Work required
Retype exactly the span of lines below from the one with "Quack Grass Eradication" through the one with "Με σύμμαχο τον". Do not include pictures.

Material for this task

[Start of Attachment]

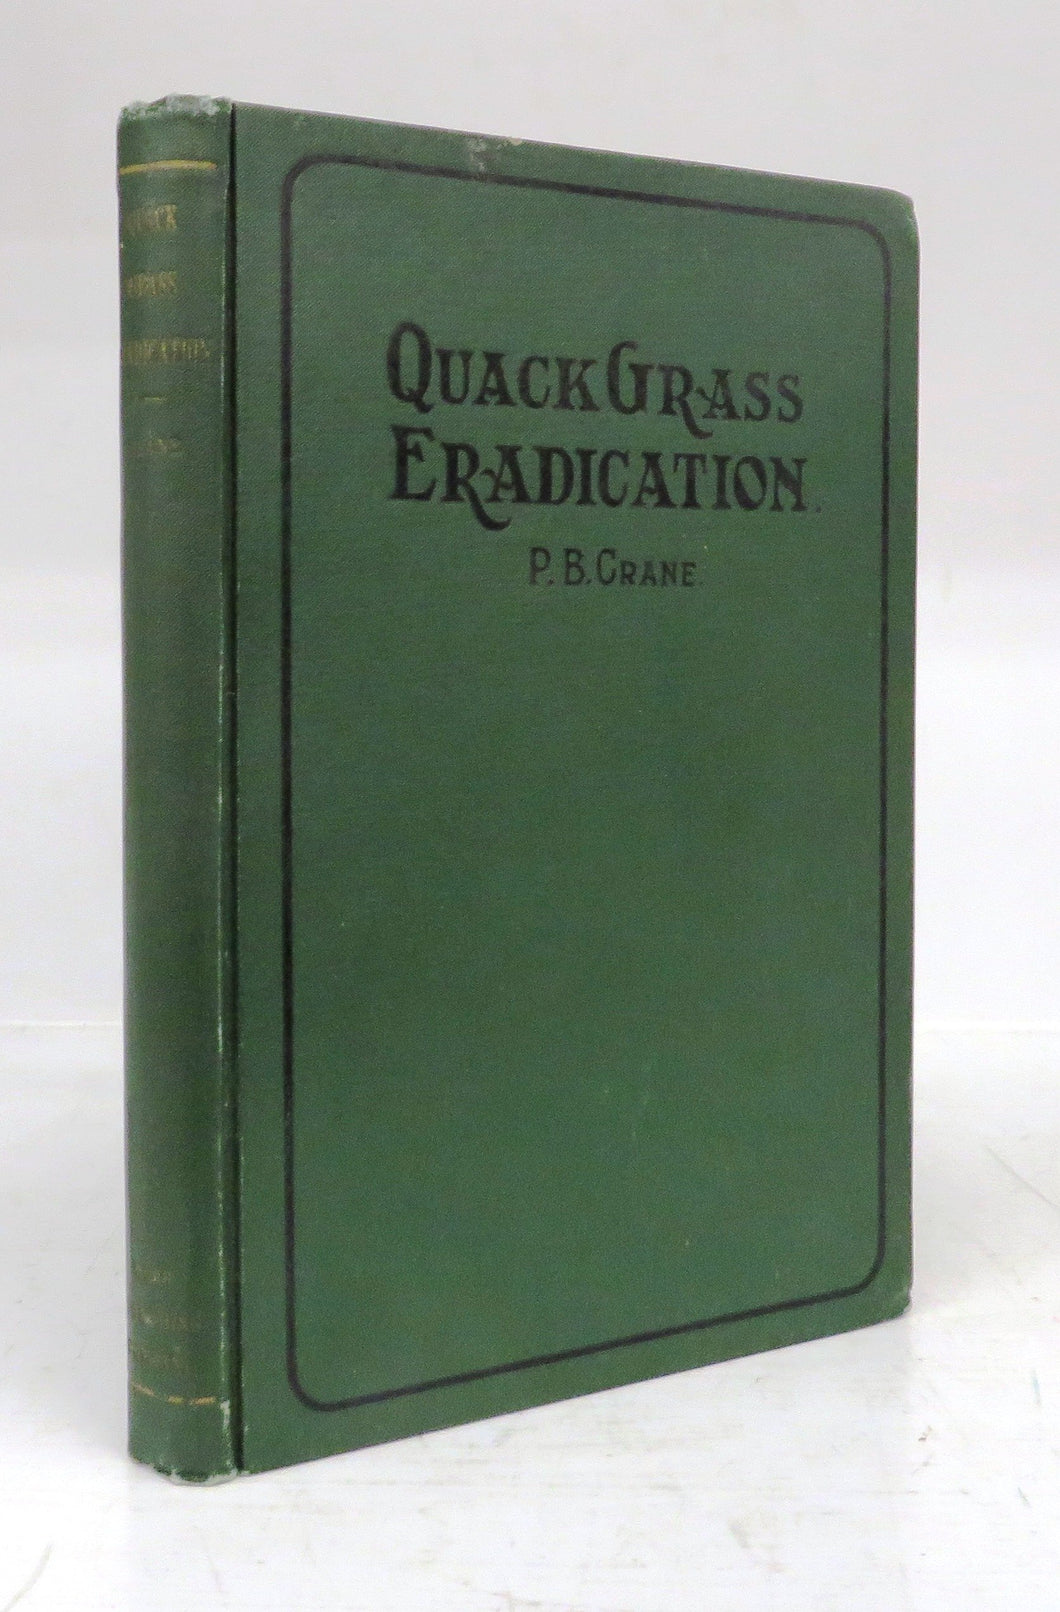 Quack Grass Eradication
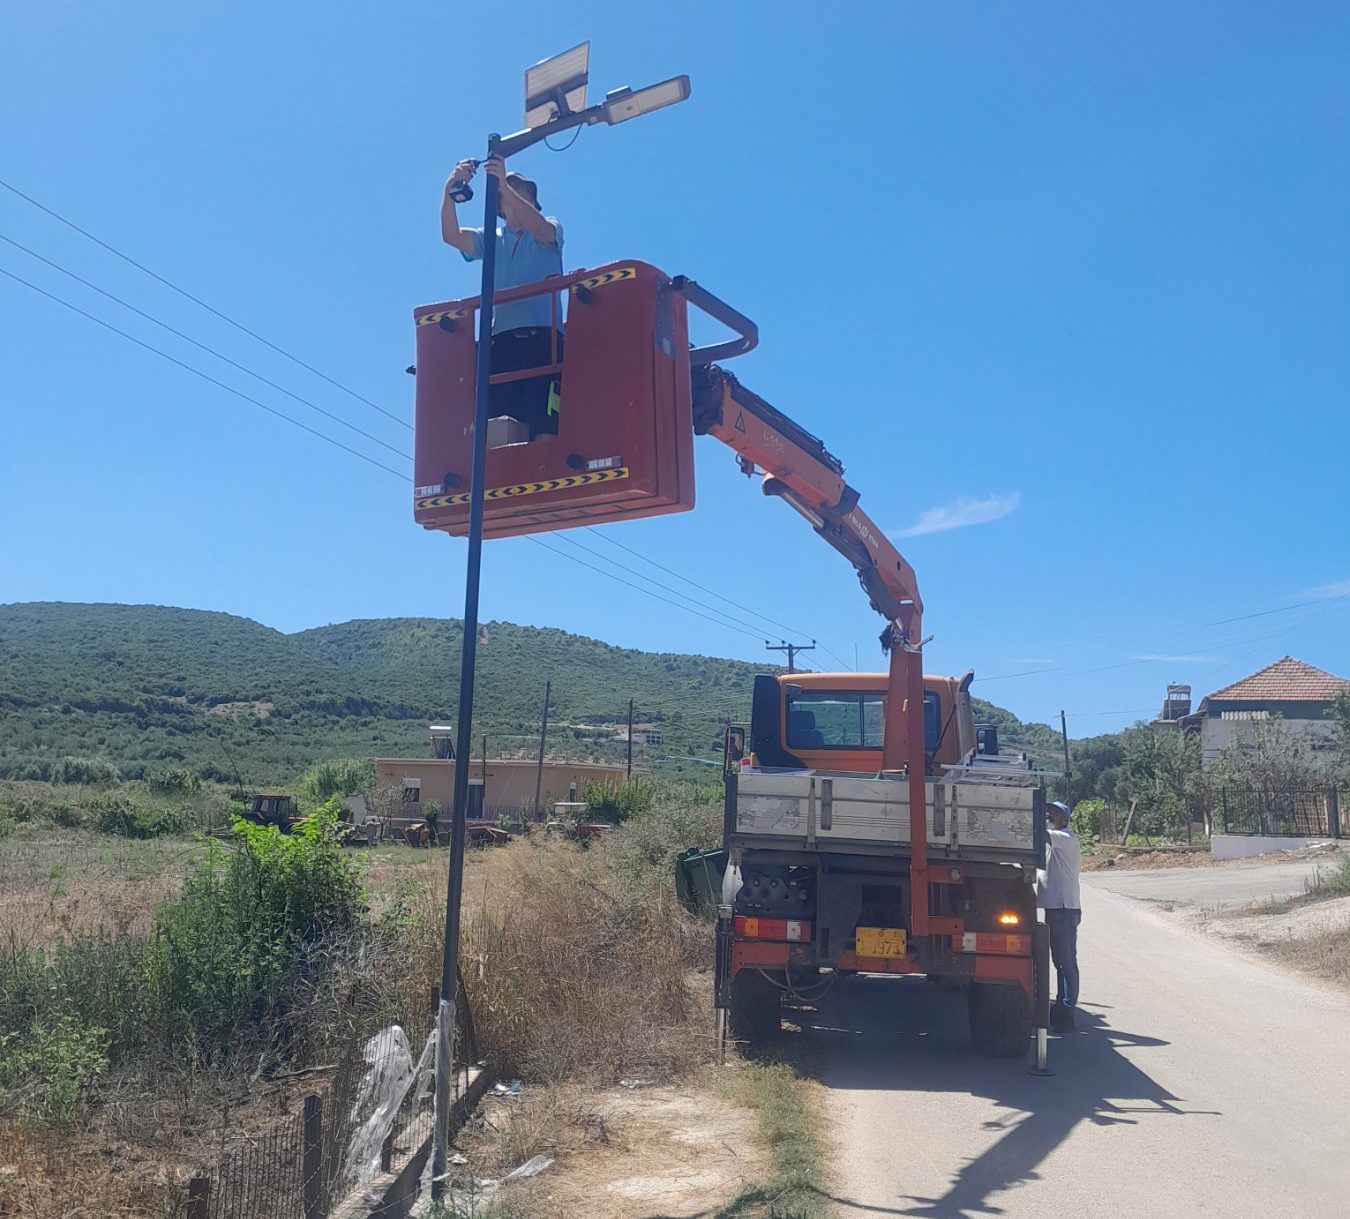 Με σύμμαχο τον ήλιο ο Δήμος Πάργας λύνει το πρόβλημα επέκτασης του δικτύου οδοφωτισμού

[End of Attachment]
[Start of Attachment]

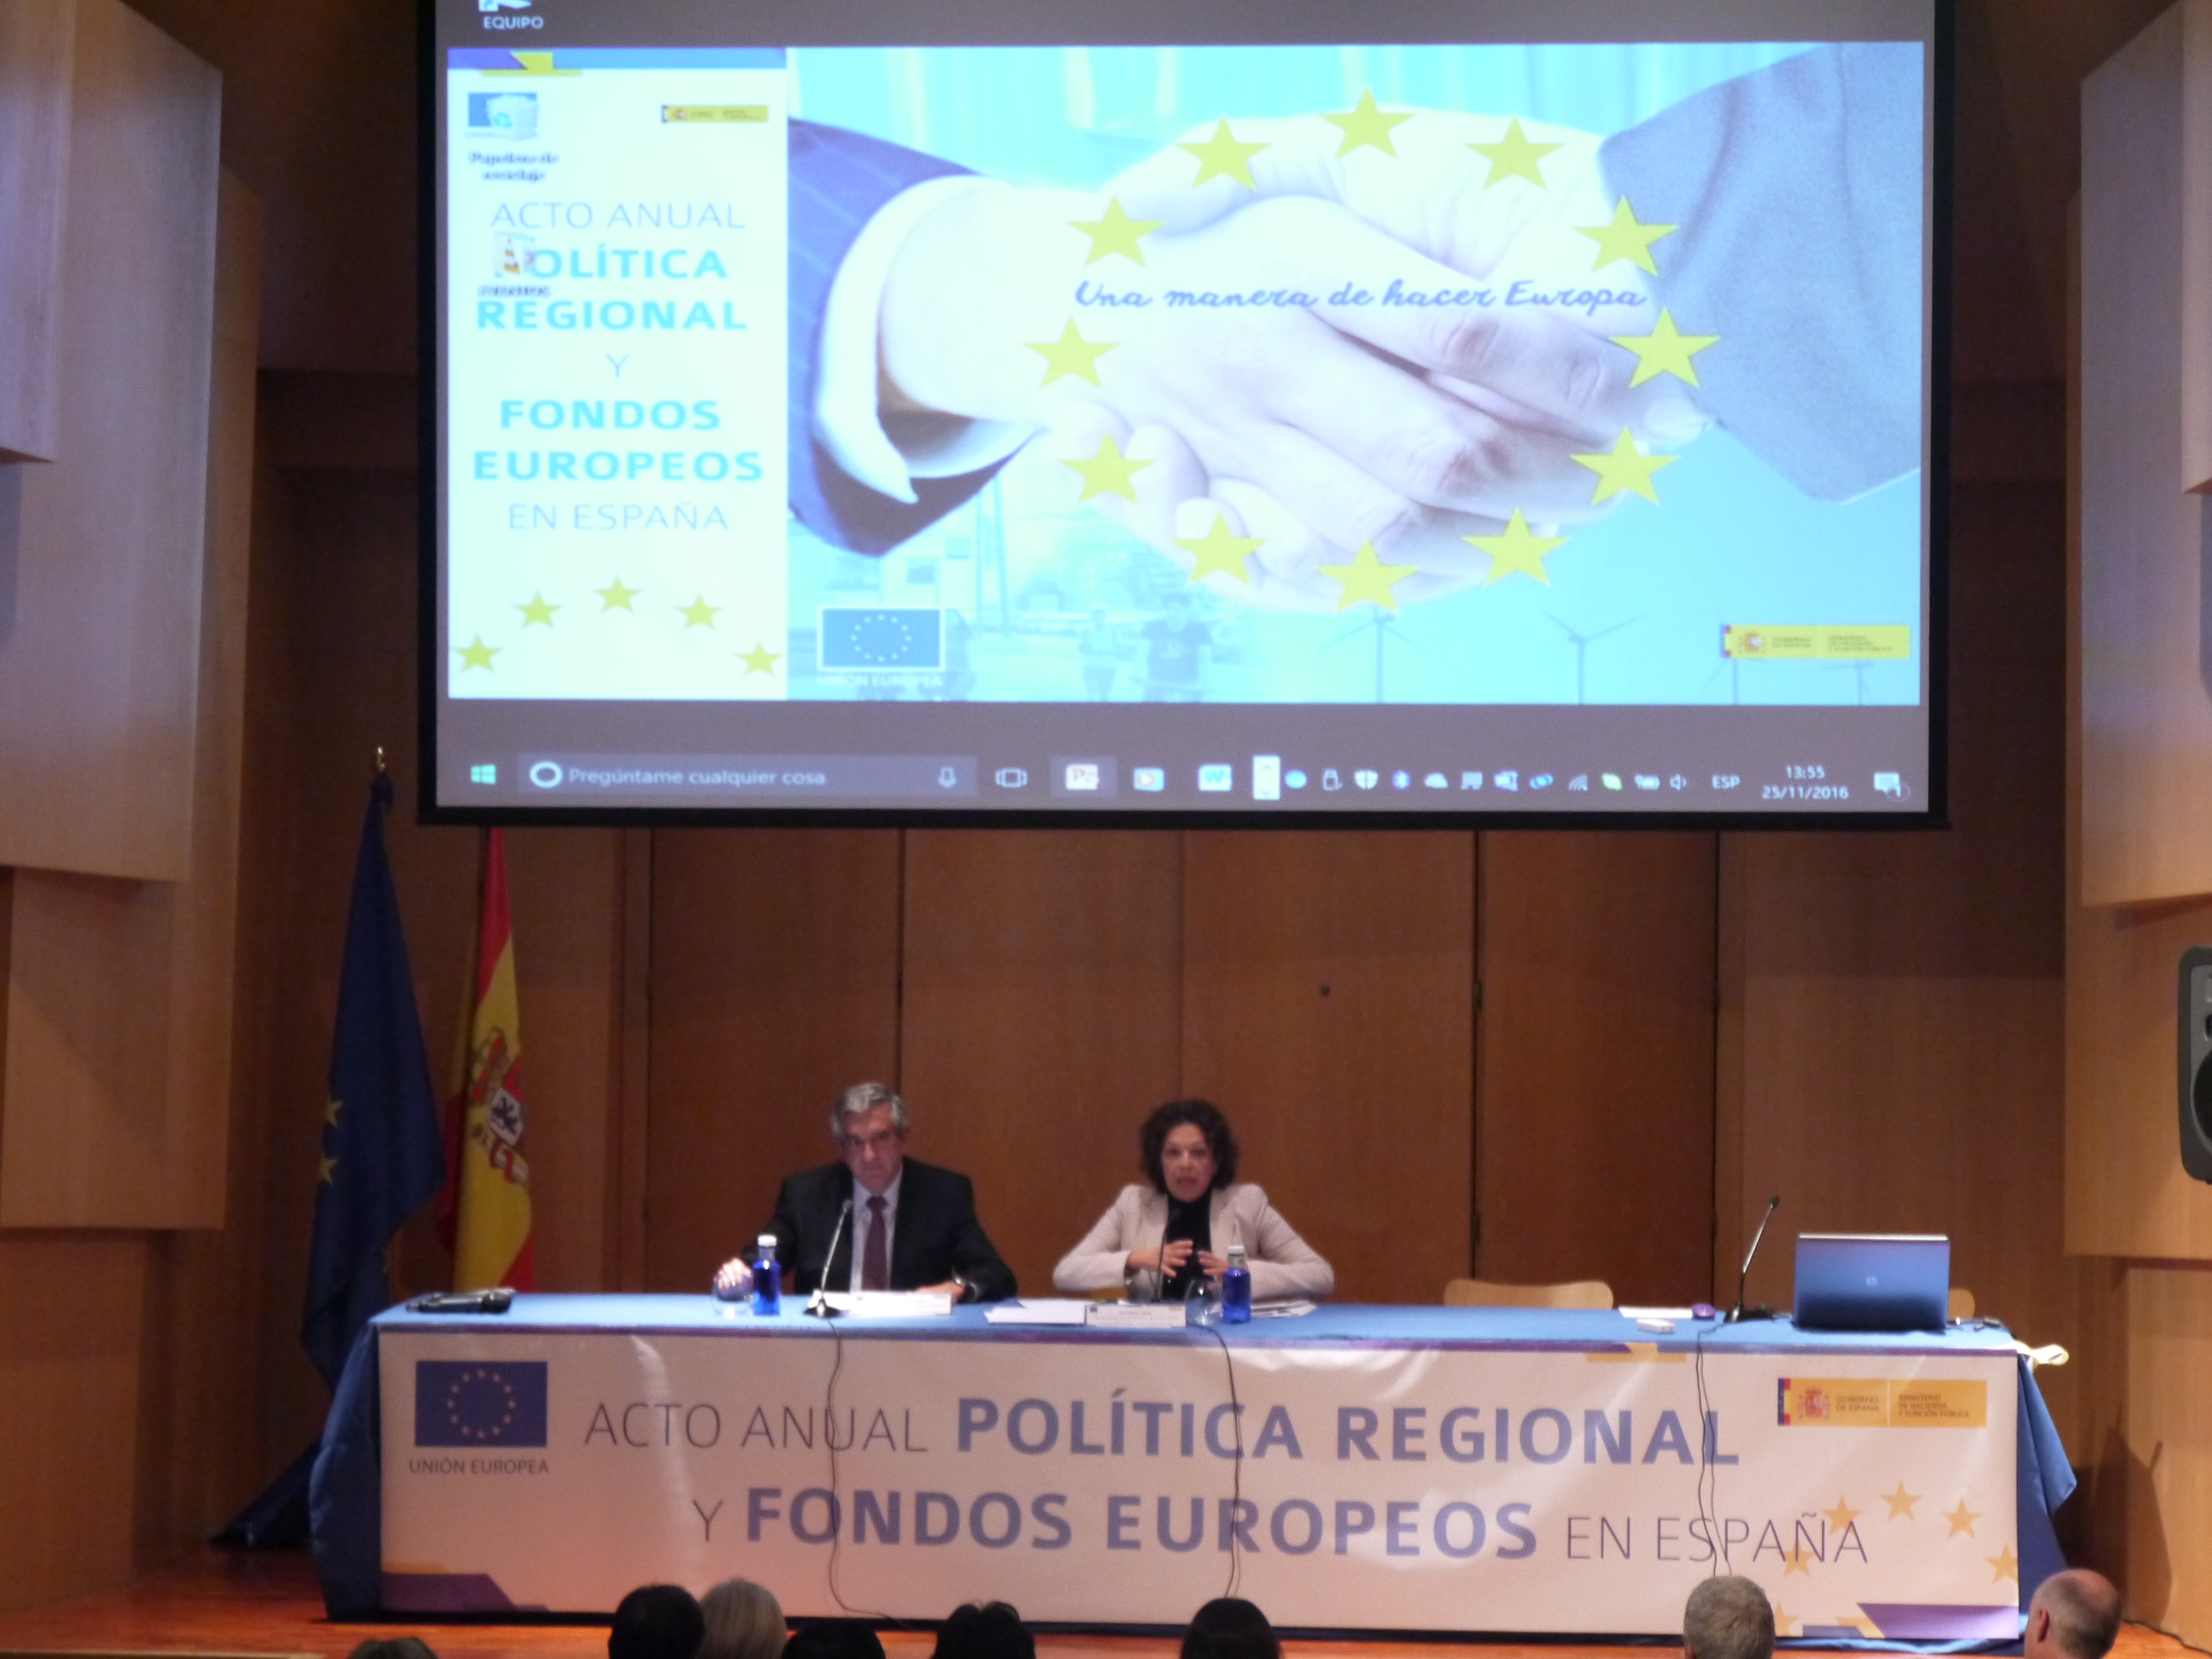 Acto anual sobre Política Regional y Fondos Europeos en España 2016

[End of Attachment]

Answer area
 Quack Grass Eradication
 Με σύμμαχο τον ήλιο ο Δήμος Πάργας λύνει το πρόβλημα επέκτασης του δικτύου οδοφωτισμού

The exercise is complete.